--- The data ---

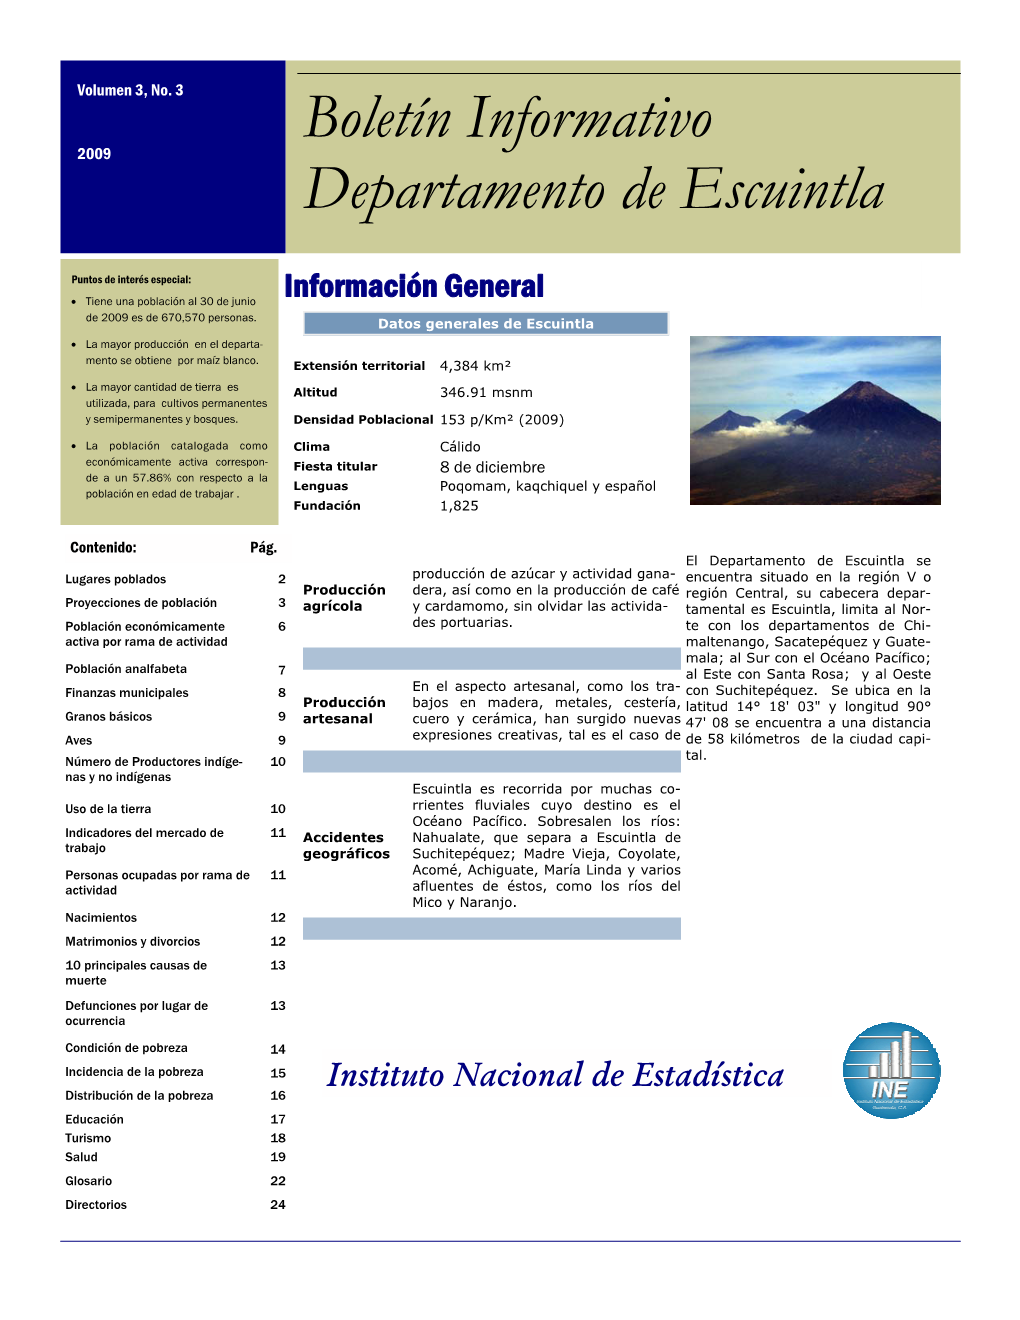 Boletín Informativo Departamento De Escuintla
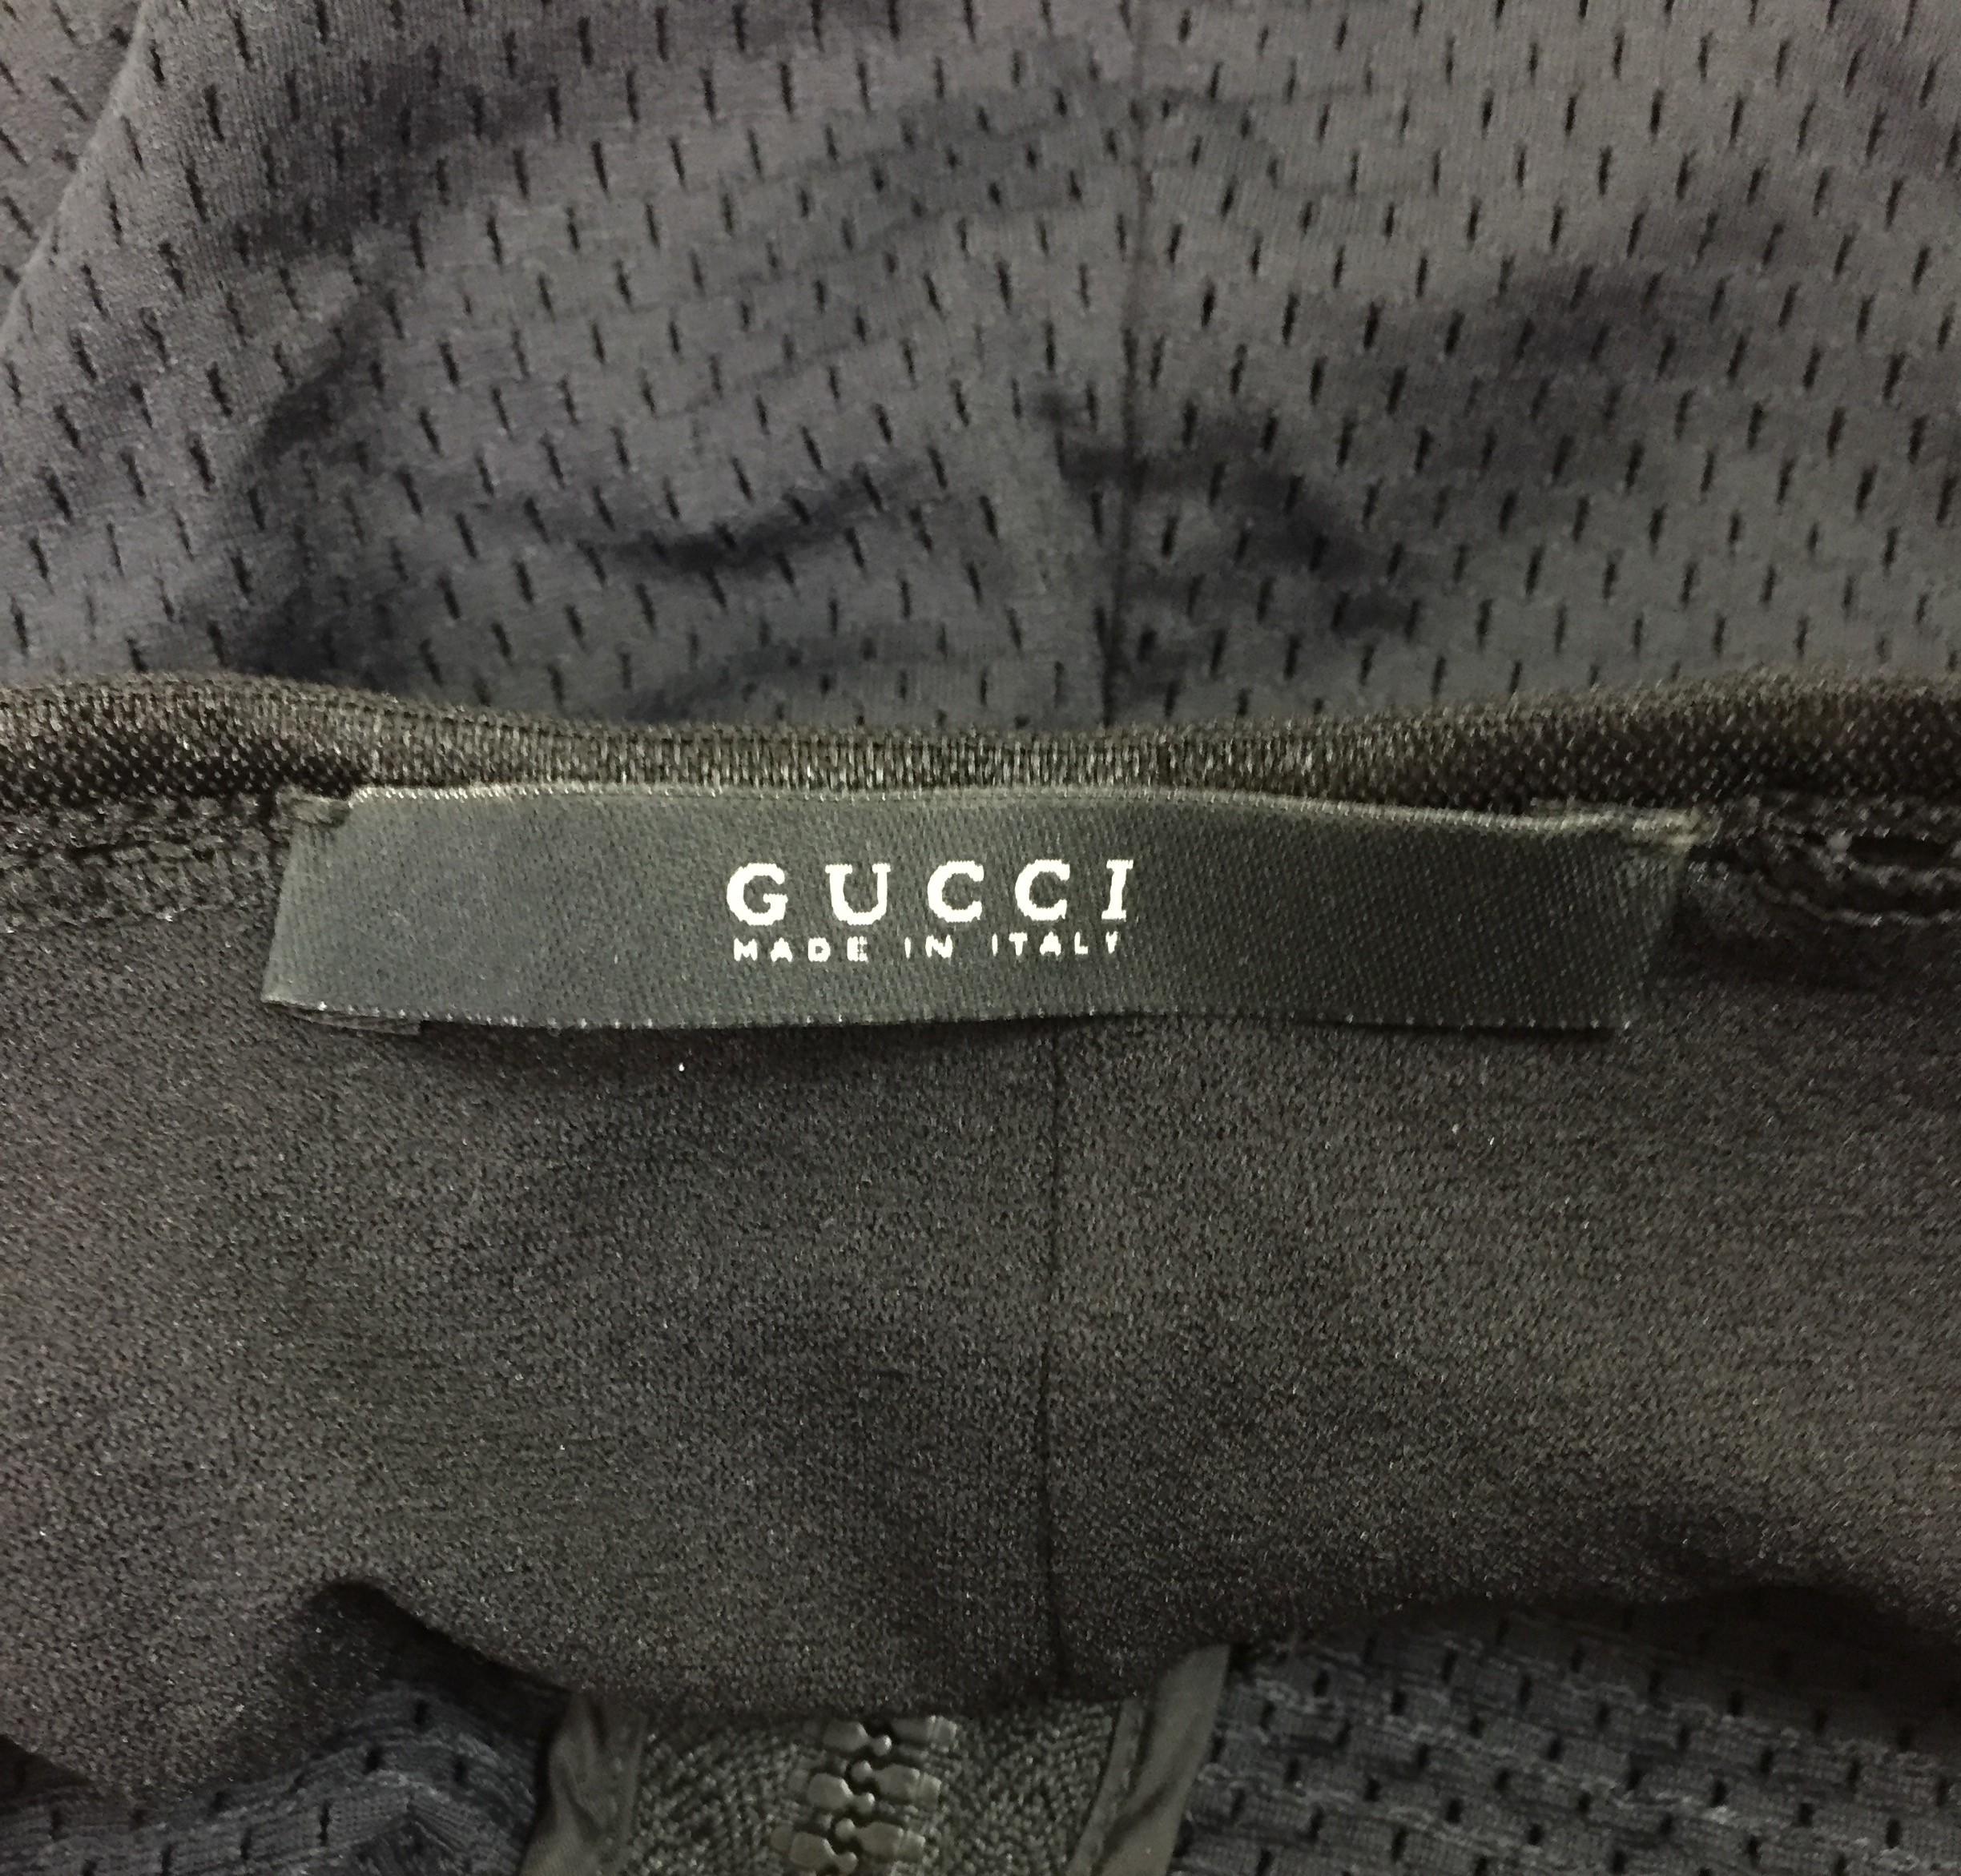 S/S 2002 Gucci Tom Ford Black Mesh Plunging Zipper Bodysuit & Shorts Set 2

---
--- The data ---

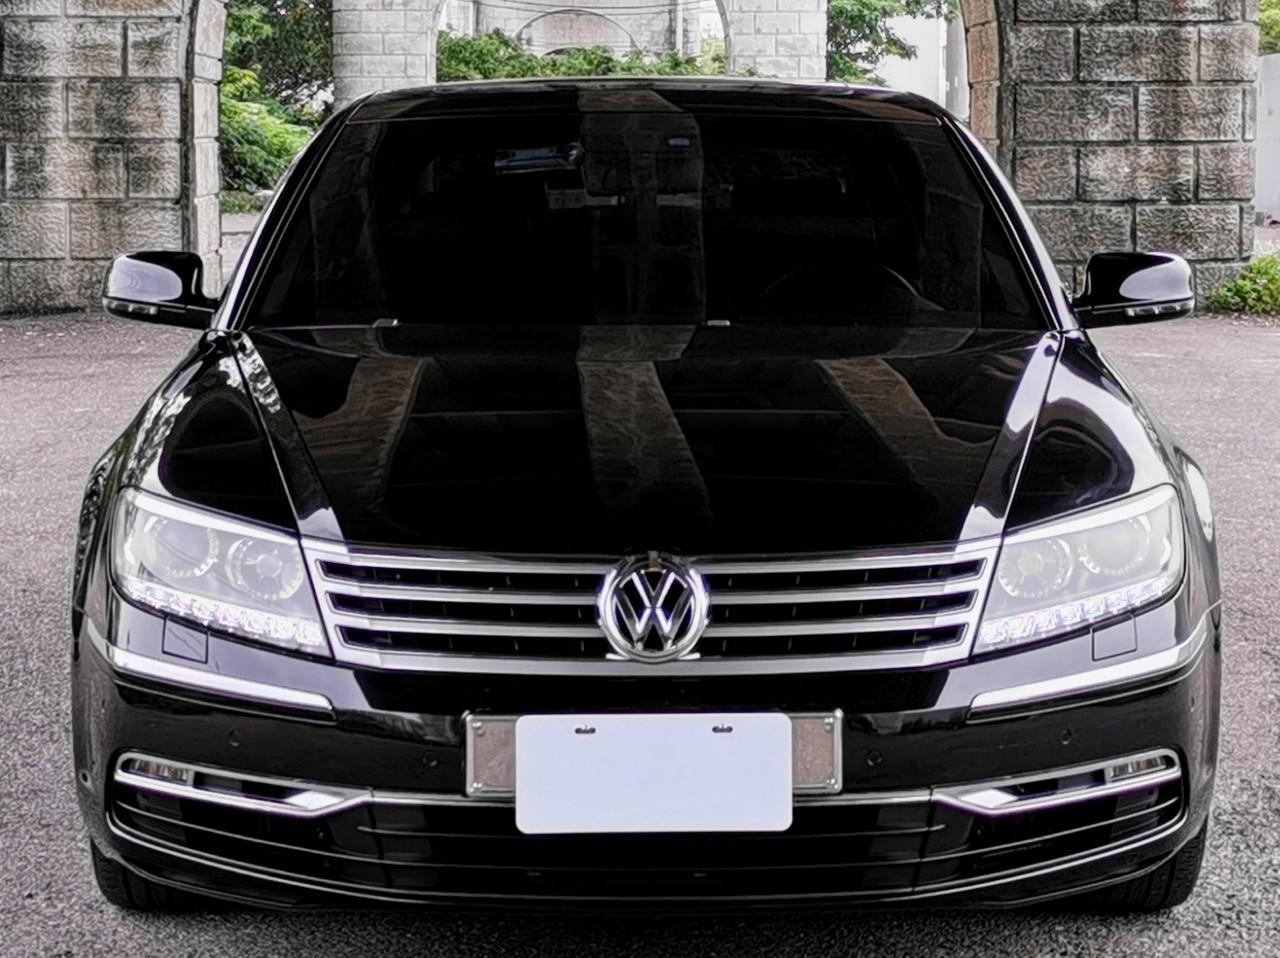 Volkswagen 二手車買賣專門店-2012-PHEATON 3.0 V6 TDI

---

- Exercise prompt -
Could you output exactly the lines above, from the line with "Boletín Informativo Departamento" up to and including the line with "S/S 2002 Gucci", and nothing else, skipping the pictures?

- Result -
 Boletín Informativo Departamento De Escuintla
 S/S 2002 Gucci Tom Ford Black Mesh Plunging Zipper Bodysuit & Shorts Set 2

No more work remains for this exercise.